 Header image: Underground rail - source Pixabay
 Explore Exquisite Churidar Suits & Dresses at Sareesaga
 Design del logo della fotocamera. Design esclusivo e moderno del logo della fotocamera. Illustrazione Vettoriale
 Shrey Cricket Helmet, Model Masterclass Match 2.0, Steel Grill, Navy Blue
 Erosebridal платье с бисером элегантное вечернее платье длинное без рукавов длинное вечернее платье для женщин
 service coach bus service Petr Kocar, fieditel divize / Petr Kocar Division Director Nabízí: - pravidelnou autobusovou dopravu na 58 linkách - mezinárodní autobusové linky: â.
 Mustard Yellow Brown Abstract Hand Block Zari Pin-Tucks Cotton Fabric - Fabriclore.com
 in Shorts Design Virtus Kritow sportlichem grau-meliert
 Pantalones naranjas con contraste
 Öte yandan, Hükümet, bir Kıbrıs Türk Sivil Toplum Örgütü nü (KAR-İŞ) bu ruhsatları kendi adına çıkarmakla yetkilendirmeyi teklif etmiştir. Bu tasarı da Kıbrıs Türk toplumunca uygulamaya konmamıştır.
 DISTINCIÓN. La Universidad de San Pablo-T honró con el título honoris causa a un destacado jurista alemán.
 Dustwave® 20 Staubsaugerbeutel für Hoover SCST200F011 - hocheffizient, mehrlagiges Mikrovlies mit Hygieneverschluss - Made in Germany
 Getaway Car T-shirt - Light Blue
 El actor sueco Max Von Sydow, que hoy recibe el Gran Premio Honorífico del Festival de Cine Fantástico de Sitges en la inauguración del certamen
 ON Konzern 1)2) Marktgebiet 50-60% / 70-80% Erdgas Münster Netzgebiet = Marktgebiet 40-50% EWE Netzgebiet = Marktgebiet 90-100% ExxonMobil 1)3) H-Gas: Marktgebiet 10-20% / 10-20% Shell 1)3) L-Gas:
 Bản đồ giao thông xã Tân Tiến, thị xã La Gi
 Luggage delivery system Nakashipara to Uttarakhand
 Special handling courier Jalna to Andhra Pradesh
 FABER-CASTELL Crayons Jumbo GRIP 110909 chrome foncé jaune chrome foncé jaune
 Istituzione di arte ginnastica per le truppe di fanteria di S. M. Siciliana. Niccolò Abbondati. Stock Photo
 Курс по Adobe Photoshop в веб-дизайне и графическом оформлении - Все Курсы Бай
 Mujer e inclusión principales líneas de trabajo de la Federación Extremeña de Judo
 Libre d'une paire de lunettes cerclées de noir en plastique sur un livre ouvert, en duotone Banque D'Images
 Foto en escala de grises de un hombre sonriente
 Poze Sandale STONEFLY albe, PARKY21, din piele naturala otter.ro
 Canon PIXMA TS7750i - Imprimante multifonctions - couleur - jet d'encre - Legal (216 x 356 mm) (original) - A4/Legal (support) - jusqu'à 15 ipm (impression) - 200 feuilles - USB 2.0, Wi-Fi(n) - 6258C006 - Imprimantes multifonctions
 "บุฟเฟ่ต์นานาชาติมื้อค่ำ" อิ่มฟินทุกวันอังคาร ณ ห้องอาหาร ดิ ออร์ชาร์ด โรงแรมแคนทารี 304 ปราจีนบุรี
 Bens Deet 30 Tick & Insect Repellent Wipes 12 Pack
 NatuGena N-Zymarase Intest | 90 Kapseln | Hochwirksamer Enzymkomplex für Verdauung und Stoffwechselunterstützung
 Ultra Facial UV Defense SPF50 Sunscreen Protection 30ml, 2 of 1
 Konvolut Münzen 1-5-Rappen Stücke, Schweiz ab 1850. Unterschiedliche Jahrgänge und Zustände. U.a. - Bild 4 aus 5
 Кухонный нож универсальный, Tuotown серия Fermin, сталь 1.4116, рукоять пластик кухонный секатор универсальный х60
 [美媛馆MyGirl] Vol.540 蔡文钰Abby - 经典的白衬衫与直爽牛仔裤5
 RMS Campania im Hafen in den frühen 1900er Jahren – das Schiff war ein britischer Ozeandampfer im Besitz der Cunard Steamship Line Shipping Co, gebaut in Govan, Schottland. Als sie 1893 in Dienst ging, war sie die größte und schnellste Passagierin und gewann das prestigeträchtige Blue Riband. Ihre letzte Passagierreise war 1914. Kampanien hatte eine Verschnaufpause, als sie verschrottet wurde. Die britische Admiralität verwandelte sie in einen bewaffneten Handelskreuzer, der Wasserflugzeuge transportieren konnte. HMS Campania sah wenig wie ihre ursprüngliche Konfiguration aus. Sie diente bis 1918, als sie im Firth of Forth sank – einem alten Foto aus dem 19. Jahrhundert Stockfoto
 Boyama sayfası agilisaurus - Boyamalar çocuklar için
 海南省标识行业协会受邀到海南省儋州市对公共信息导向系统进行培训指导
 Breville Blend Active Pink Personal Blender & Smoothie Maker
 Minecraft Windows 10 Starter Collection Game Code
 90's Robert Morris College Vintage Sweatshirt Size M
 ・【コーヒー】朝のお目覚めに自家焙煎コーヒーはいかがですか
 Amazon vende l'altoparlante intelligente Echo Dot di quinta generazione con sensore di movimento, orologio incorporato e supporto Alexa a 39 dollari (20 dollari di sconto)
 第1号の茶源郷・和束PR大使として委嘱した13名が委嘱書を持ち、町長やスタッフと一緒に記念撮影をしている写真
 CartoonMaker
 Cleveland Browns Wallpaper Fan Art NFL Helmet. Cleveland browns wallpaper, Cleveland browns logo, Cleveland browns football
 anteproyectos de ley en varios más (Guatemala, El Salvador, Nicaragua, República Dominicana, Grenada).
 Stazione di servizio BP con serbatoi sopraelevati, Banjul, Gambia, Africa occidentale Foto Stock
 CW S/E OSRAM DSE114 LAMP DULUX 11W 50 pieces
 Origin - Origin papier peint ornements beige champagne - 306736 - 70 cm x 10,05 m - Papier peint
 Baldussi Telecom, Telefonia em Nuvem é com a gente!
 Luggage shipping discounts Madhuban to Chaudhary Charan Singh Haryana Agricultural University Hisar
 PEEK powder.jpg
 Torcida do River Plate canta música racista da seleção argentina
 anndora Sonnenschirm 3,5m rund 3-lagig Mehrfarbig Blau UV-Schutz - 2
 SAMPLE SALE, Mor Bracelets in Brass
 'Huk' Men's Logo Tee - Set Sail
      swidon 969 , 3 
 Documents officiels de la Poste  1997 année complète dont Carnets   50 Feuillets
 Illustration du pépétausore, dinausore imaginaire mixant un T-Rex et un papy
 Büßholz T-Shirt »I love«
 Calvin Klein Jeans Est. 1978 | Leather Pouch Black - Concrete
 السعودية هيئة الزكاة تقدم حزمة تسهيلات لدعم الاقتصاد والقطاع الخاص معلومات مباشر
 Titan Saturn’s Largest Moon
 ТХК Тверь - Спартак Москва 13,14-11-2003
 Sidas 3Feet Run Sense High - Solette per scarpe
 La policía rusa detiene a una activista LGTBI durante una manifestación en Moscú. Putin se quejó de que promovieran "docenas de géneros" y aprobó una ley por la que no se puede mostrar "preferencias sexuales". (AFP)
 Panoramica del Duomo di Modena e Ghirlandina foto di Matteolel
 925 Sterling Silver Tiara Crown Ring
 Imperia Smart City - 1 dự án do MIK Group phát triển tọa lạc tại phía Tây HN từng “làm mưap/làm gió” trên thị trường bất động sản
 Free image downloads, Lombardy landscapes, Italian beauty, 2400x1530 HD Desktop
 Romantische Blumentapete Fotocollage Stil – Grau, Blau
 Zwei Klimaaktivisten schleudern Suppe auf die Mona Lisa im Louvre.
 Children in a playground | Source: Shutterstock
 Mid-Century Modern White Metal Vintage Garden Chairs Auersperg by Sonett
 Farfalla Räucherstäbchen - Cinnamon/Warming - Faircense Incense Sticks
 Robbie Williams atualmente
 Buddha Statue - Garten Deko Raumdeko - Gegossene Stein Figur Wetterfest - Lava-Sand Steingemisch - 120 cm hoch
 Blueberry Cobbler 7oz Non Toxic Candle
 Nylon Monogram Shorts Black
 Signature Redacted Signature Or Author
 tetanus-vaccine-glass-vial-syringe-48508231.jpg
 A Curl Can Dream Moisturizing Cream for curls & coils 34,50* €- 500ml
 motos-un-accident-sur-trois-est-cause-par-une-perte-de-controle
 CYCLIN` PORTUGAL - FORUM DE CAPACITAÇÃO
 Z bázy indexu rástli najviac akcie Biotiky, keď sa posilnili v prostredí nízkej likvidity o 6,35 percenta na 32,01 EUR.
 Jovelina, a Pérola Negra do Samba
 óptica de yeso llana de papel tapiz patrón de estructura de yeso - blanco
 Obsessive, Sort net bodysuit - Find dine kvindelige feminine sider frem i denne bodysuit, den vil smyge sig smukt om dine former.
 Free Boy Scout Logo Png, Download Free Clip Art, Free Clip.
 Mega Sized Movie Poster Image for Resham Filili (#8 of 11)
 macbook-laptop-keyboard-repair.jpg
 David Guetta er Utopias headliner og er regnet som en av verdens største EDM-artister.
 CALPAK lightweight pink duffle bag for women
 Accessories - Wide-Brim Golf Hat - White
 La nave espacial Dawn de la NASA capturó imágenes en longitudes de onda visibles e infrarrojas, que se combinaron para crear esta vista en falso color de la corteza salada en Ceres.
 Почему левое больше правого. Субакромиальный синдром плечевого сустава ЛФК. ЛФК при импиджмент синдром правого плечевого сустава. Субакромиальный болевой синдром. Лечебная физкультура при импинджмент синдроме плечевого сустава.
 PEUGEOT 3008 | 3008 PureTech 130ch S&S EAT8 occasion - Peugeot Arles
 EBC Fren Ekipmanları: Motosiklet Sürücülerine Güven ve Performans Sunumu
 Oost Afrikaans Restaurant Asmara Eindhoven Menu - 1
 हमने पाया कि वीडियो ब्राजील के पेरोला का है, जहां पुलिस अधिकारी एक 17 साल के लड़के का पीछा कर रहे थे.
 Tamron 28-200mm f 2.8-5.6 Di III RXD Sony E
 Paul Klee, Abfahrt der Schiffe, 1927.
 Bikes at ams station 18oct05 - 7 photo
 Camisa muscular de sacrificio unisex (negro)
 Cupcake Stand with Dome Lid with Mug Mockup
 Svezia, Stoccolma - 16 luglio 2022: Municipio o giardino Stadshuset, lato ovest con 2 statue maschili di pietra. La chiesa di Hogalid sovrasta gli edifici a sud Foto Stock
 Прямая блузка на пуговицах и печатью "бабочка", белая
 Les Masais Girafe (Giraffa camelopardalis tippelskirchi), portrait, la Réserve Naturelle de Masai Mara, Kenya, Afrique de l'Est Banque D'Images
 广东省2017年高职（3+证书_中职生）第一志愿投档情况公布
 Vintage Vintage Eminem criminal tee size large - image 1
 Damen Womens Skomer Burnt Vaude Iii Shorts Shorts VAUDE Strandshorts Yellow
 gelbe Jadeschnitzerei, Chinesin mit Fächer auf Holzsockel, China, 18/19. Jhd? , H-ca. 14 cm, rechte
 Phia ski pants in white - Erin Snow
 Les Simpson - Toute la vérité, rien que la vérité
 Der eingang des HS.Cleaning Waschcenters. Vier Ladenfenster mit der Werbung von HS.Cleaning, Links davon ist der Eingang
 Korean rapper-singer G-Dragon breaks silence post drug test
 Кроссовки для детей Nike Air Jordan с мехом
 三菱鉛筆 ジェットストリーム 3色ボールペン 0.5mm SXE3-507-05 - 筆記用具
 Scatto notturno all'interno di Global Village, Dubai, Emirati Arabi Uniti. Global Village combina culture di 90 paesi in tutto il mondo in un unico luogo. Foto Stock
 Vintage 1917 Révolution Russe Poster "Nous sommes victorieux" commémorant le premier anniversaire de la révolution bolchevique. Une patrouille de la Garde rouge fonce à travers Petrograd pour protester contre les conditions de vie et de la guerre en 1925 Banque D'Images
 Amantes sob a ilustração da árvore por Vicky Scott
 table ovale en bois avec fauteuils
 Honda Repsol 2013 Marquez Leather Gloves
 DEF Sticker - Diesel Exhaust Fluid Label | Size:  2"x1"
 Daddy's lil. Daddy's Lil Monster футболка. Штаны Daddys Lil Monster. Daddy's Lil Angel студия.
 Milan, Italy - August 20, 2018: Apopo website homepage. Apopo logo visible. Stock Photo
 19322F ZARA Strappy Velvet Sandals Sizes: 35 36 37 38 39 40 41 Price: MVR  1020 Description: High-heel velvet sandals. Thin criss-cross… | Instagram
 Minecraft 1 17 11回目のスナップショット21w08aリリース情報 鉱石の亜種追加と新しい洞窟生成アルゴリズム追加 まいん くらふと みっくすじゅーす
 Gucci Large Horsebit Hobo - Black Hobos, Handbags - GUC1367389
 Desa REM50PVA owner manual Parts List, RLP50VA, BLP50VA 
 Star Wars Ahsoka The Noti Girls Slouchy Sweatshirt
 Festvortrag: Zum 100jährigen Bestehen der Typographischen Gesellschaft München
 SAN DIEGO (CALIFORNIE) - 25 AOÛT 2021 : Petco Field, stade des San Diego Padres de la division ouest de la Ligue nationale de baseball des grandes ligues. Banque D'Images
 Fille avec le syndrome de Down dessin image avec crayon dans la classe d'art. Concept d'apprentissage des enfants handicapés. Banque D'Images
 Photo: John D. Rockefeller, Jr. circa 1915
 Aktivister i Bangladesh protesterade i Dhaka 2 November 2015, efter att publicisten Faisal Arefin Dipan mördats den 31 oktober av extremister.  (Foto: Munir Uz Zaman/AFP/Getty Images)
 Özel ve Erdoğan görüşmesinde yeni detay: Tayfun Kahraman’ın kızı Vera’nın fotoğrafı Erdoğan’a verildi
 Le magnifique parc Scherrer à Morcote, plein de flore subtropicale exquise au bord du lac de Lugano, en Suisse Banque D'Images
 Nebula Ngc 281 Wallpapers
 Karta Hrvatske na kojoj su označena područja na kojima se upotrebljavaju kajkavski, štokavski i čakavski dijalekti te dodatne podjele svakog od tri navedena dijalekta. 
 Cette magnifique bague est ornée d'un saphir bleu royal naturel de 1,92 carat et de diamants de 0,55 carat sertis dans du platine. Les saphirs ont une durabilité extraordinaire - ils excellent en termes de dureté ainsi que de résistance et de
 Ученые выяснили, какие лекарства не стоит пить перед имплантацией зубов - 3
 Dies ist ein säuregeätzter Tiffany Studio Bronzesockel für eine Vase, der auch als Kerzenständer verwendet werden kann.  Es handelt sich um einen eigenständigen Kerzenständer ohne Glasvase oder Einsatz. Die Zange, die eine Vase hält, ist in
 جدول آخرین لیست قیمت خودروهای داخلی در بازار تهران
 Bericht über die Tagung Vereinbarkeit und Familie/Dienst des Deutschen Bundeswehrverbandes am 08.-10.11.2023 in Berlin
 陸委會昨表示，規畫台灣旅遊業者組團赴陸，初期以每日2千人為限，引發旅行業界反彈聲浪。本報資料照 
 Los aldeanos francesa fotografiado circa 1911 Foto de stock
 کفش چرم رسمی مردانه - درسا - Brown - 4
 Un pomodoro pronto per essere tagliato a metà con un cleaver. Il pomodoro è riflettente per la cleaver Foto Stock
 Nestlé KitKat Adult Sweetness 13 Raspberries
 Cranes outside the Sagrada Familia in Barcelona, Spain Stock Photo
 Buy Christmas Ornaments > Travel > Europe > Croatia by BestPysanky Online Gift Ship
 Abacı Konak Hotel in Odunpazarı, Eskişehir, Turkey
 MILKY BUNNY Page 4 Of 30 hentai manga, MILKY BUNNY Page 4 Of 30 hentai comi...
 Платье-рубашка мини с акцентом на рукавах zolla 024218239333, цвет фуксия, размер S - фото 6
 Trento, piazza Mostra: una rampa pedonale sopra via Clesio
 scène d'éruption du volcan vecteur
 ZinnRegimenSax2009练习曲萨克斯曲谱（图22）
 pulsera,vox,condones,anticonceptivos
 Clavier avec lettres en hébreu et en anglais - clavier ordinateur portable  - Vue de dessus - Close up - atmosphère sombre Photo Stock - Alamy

════

* [Task statement] Search the listing for the string "Leather". Copy each line where it turns up.

* [Reply]
 Calvin Klein Jeans Est. 1978 | Leather Pouch Black - Concrete
 Honda Repsol 2013 Marquez Leather Gloves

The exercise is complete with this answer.